Siguiendo las huellas del Cristo paciente: El Señor Jesús padeció voluntariamente por nosotros. Cargó con nuestros pecados, con nuestra lejanía de Dios y con los efectos que produce en los hombres la injusticia, la opresión, el odio. En su pasión Dios mató e hizo morir el pecado, para que renaciera en el mundo, en nosotros, una nueva vida. Cada una de las heridas corporales y espirituales de Jesús se convertían en medicinas con las que Dios nos curaba.

El dolor no es, pues, un sinsentido; se puede sufrir, como Jesús, sin culpa y ayudar a otros con el propio sufrimiento; se puede padecer el mal, dominándolo y provocando el adviento del bien.

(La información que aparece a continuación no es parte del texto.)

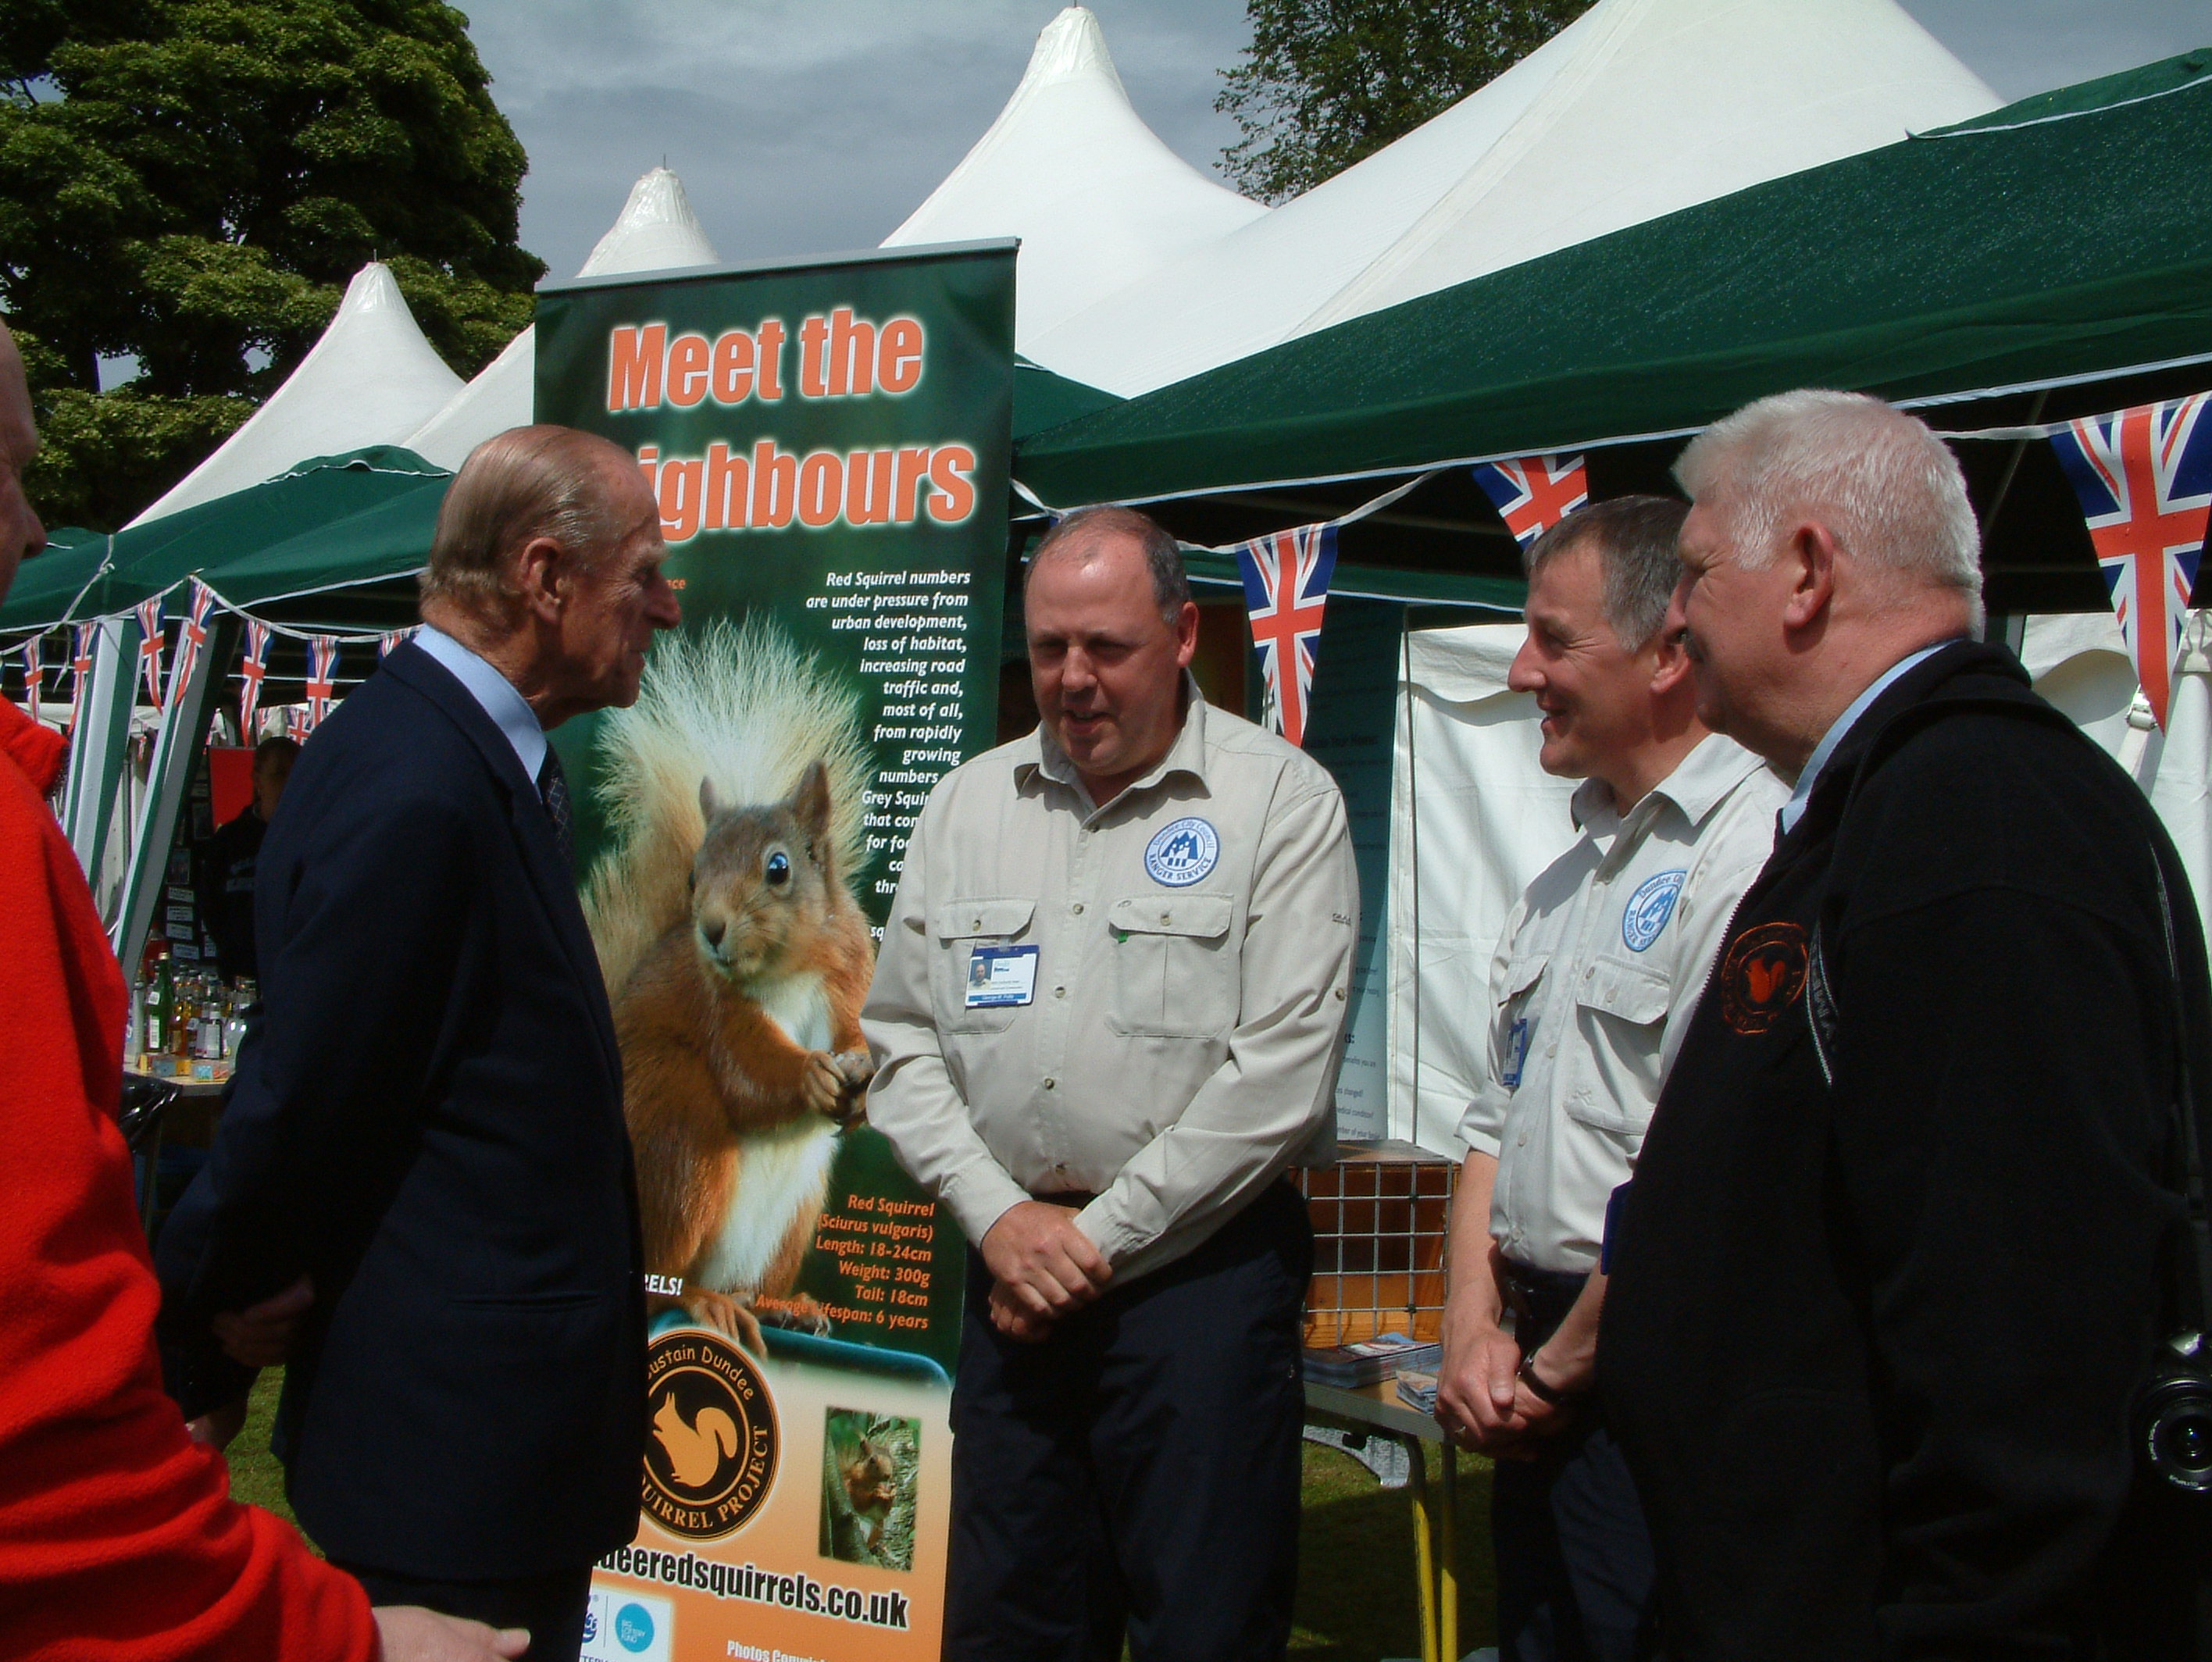 Prince Philip with Jimmie's four foot tall squirrel

Nosotros, religiosos, empeñados en el seguimiento de Cristo, procuremos asemejarnos a nuestro modelo; sigamos más de cerca sus huellas. Que nada nos arredre; gocémonos en las privaciones; abracemos los trabajos y sacrificios; carguemos con los pecados de los demás; que no seguimos a Cristo para encontrar aquí en la tierra la fama, el poder, la riqueza. Así nuestro sufrimiento acrisolará, en íntima unión con la pasión de Cristo, el mal de nuestro mundo. Entonces nuestras heridas, como estigmas de Cristo, sacramentalizarán las heridas del Jesús crucificado con las que Dios Padre nos cura.

Oraciones sálmicas

Oración I: Oh Dios, Tú has querido que Cristo padeciera por nosotros dejándonos un ejemplo; te rogamos por cuantos seguimos a Cristo: revístenos de los mismos sentimientos que tuvo Cristo, fortalécenos para que seamos capaces de salir fuera del campamento y cargar con su oprobio; ayudados por ti seguiremos las huellas de tu Hijo, nuestro Señor, que vive y reina por los siglos de los siglos. Amén.

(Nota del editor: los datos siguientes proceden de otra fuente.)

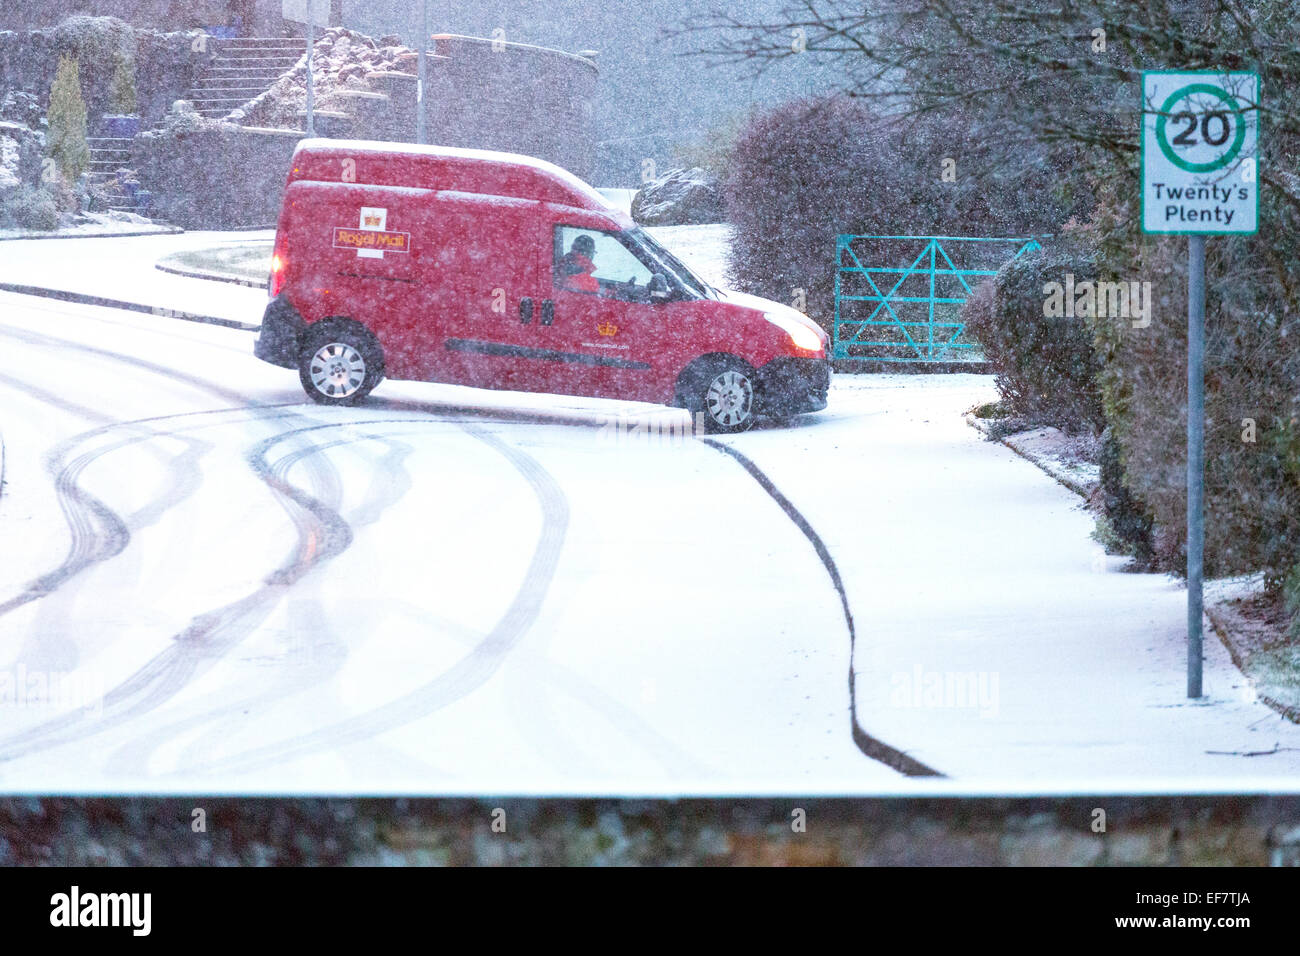 Lochwinnoch, Renfrewshire, Scotland, UK. 28th January, 2015. UK Weather: With heavy snow forecasted to fall overnight it begins to cover the ground as a as a postman drives around to pick up letters from mail boxes Stock Photo

Oración II: Dios todopoderoso y eterno, tu Hijo Jesucristo sufrió pacientemente la cruz sin miedo a la ignominia, aunque no cometió pecado ni hubo engaño en su boca; enséñanos a confiar sólo en ti, para que no devolvamos mal por mal, ni insulto por insulto, sino que pongamos nuestra vida en tus manos, porque Tú eres el único que juzgas justamente y eres indulgente con el culpable. Te lo pedimos por el mismo Jesucristo nuestro Señor. Amén.

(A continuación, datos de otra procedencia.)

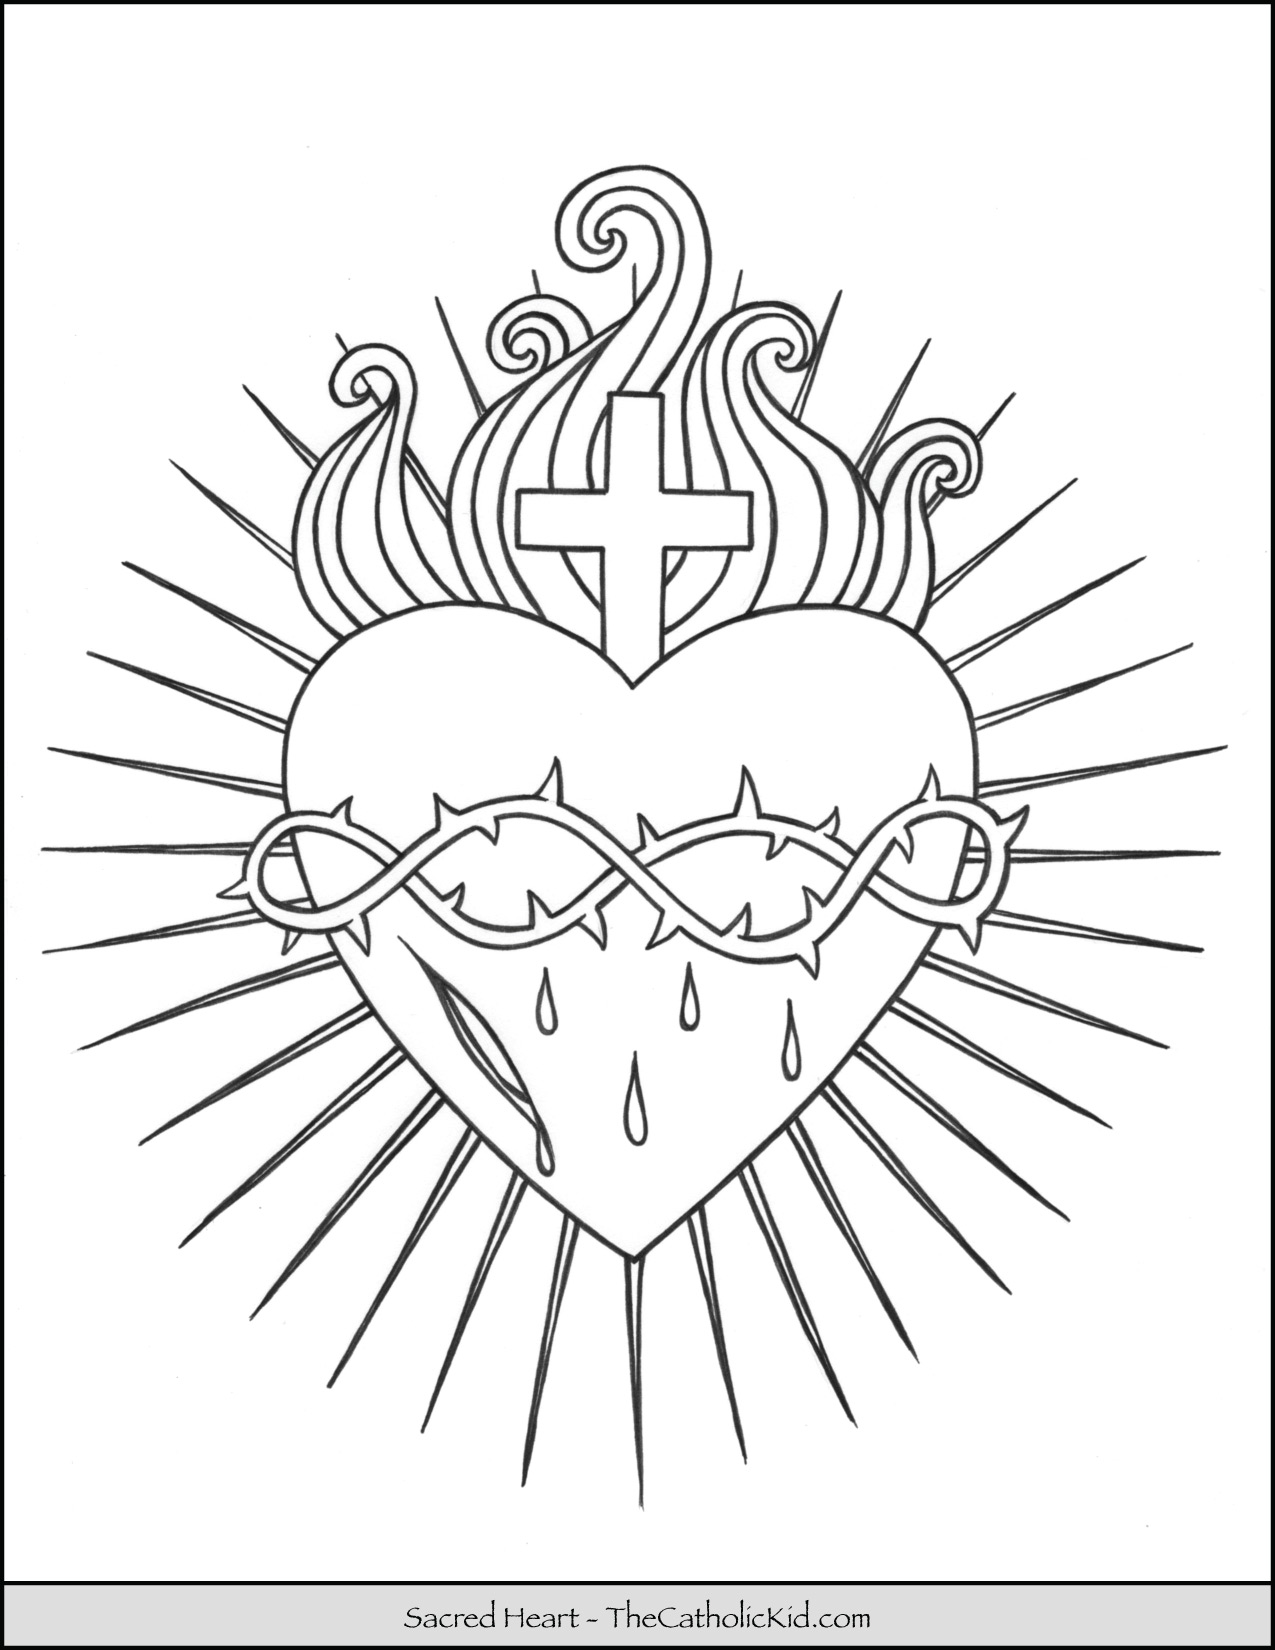 Sacred Heart Coloring Page - TheCatholicKid.com

Oración III: En la Víctima sacrificada sobre el altar de la cruz, Tú cargaste, Padre misericordioso, todas nuestras dolencias y pecados, para que nosotros vivamos de la justicia que procede de ti; infunde en nosotros tu Santo Espíritu para que, impulsados por Él, amemos a nuestros hermanos como el Señor nos amó. Te lo pedimos por el mismo Jesucristo nuestro Señor. Amén.